Department of Urology, University of Michigan Medical School, Ann Arbor, Michigan, USA.
Department of Medicine, University of Chicago, Chicago, Illinois, USA.
Hum Mol Genet. 2019 Nov 1;28(21):3569-3583. doi: 10.1093/hmg/ddz207.
Integrating single-cell RNA sequencing (scRNA-seq) data with genotypes obtained from DNA sequencing studies facilitates the detection of functional genetic variants underlying cell type-specific gene expression variation. Unfortunately, most existing scRNA-seq studies do not come with DNA sequencing data; thus, being able to call single nucleotide variants (SNVs) from scRNA-seq data alone can provide crucial and complementary information, detection of functional SNVs, maximizing the potential of existing scRNA-seq studies. Here, we perform extensive analyses to evaluate the utility of two SNV calling pipelines (GATK and Monovar), originally designed for SNV calling in either bulk or single-cell DNA sequencing data. In both pipelines, we examined various parameter settings to determine the accuracy of the final SNV call set and provide practical recommendations for applied analysts. We found that combining all reads from the single cells and following GATK Best Practices resulted in the highest number of SNVs identified with a high concordance. In individual single cells, Monovar resulted in better quality SNVs even though none of the pipelines analyzed is capable of calling a reasonable number of SNVs with high accuracy. In addition, we found that SNV calling quality varies across different functional genomic regions. Our results open doors for novel ways to leverage the use of scRNA-seq for the future investigation of SNV function.
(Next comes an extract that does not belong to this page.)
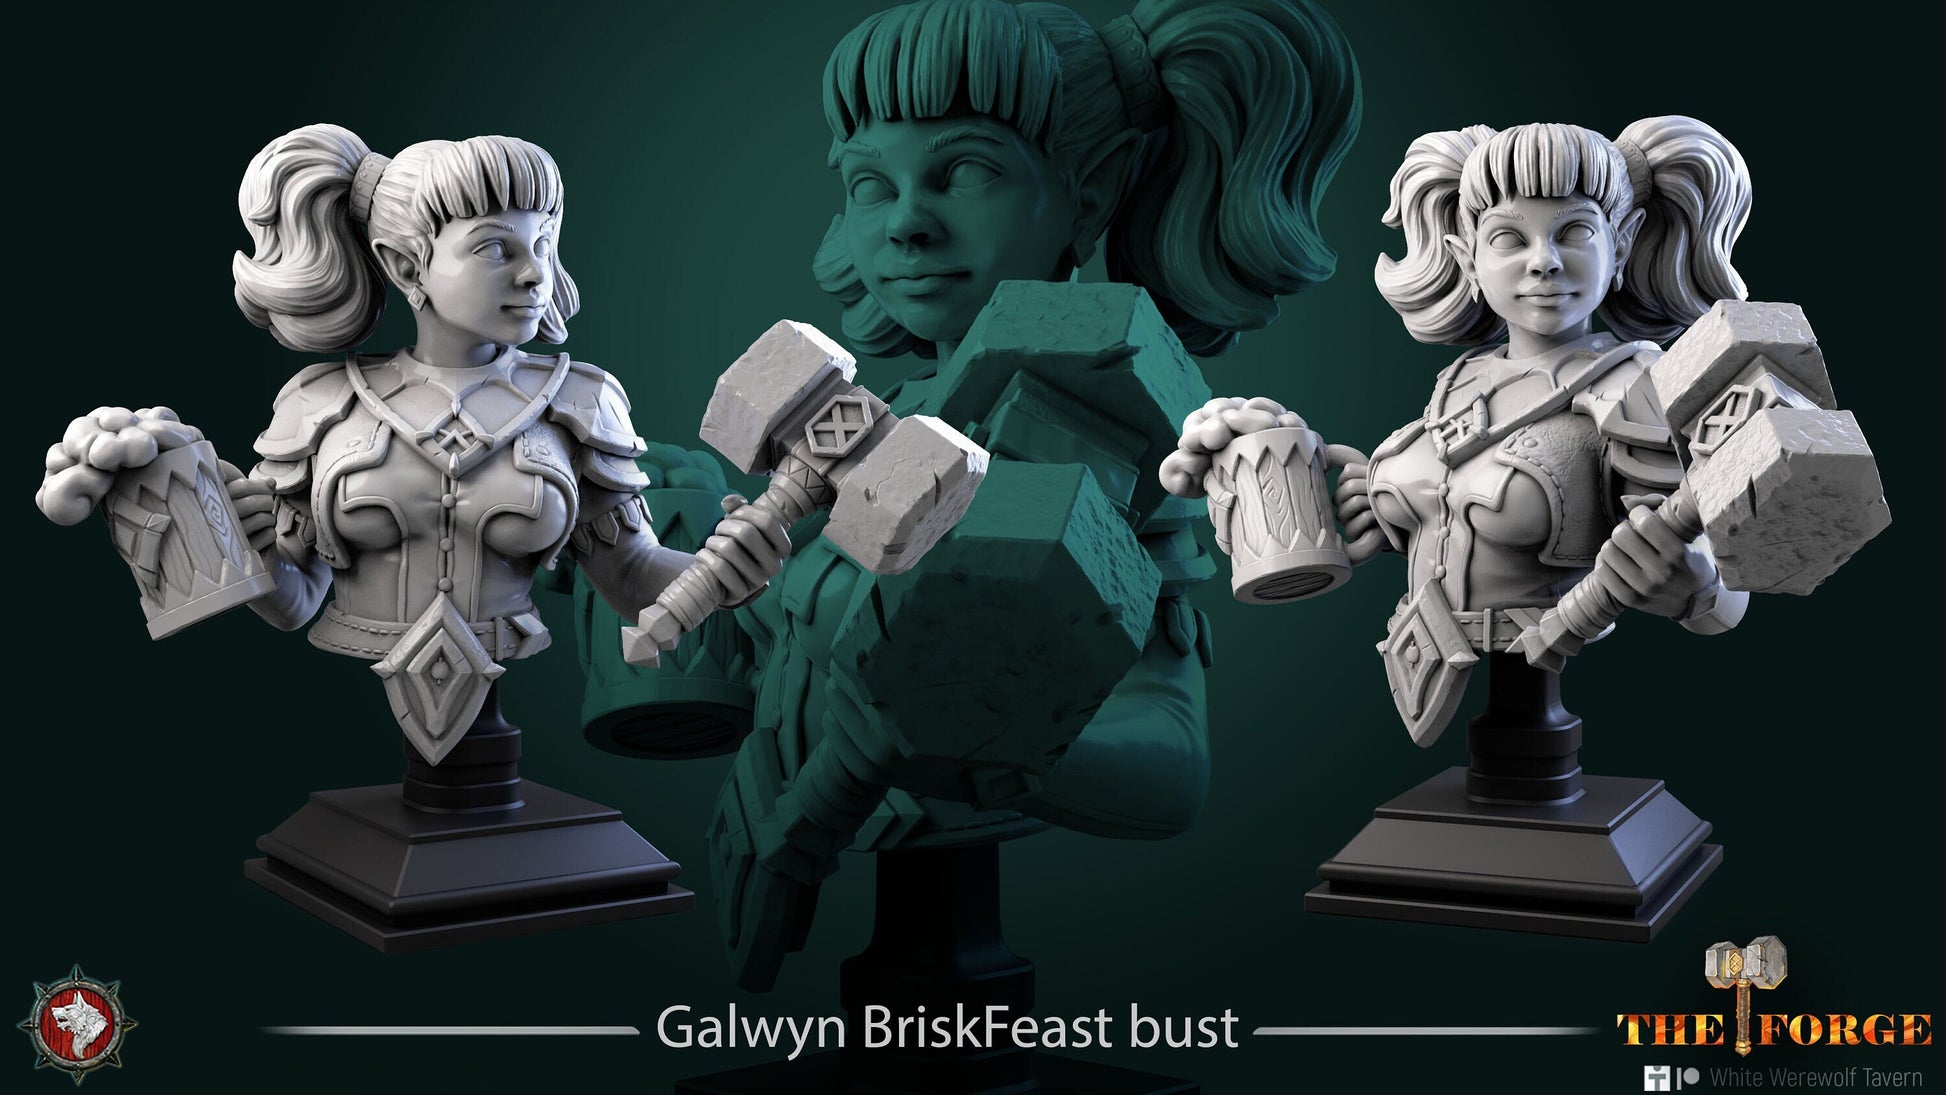 Galwyn BriskFeast Bust | Bust | Resin 3D Printed Miniature | White Werewolf Tavern

将单细胞 RNA 测序 (scRNA-seq) 数据与从 DNA 测序研究中获得的基因型相结合,有助于检测导致细胞类型特异性基因表达变异的功能遗传变异。不幸的是,大多数现有的 scRNA-seq 研究都没有 DNA 测序数据;因此,能够仅从 scRNA-seq 数据中调用单核苷酸变异 (SNV) 可以提供关键且互补的信息,即检测功能 SNV,从而最大限度地发挥现有 scRNA-seq 研究的潜力。在这里,我们进行了广泛的分析,以评估两种 SNV 调用管道 (GATK 和 Monovar) 的实用性,这两种管道最初是为批量或单细胞 DNA 测序数据中的 SNV 调用而设计的。在这两个管道中,我们检查了各种参数设置,以确定最终 SNV 调用集的准确性,并为应用分析师提供实用建议。我们发现,将所有来自单个细胞的读取组合起来,并遵循 GATK 最佳实践,可获得最多数量的 SNV,且具有很高的一致性。在单个单细胞中,即使分析的管道都无法以高精度调用大量合理的 SNV,Monovar 也能产生质量更好的 SNV。此外,我们发现 SNV 调用质量在不同的功能基因组区域之间存在差异。我们的结果为利用 scRNA-seq 进行未来的 SNV 功能研究开辟了新的途径。